One of the reasons is the difficulty in structuring the key names that are not based on the values.

### Functions

## Introduction to Functions

What is a function in Python and how to create a function?

Functions will be one of our main building blocks when we construct larger and larger amount of code to solve problems.

**So what is a function?**

A function groups a set of statements together to run the statements more than once. It allows us to specify parameters that can serve as inputs to the functions.

Functions allow us to reuse the code instead of writing the code again and again. If you recall strings and lists, remember that len() function is used to find the length of a string. Since checking the length of a sequence is a common task, you would want to write a function that can do this repeatedly at command.

Function is one of the most basic levels of reusing code in Python, and it will also allow us to start thinking of program design.

#### def Statements

Now, let us learn how to build a function and what is the syntax in Python.

The syntax for def statements will be in the following form:

In [None]:
def name_of_function(arg1,arg2):
    '''
    This is where the function's Document String (doc-string) goes
    '''
    # Do stuff here
    #return desired result

We begin with def then a space followed by the name of the function.

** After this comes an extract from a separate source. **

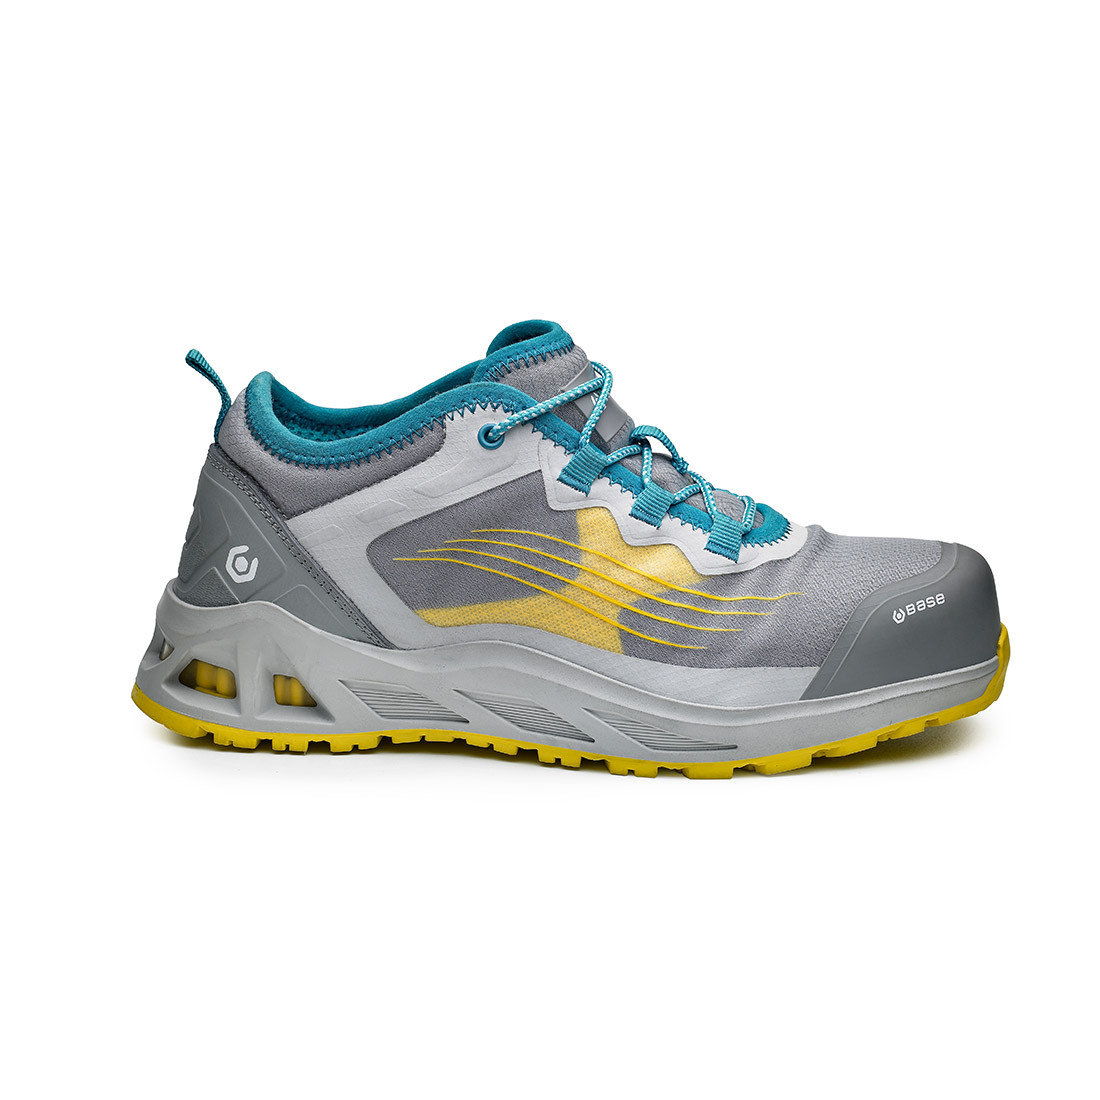 Pantofi K-Pop S1P HRO SRC - Incaltaminte de protectie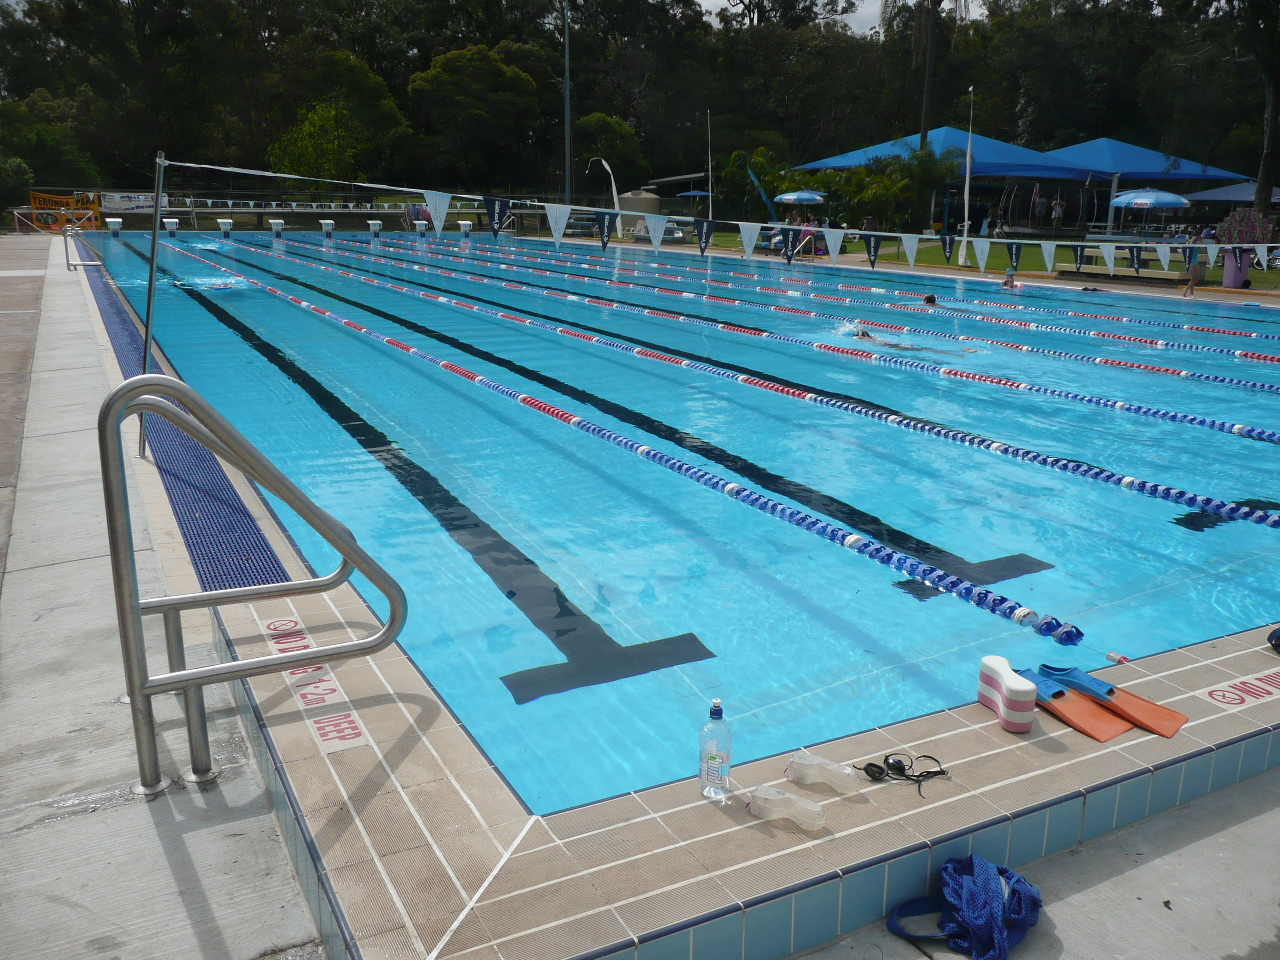 Olympic Swimming Pool 2012: Swimming Pool Wallpaper

Try to keep names relevant and simple as possible, for example, len() is a good name for a length() function. Also be careful with names, you wouldn't want to call a function the same name as a [built-in function in Python](https://docs.python.org/2/library/functions.html) (such as len).

Next, comes the number of arguments separated by a comma within a pair of parenthesis which acts as input to the defined function,  reference them and the function definition with a colon.  

Here comes the important step to indent to begin the code inside the defined functions properly. Also remember, Python makes use of *whitespace* to organize code and lot of other programming languages do not do this.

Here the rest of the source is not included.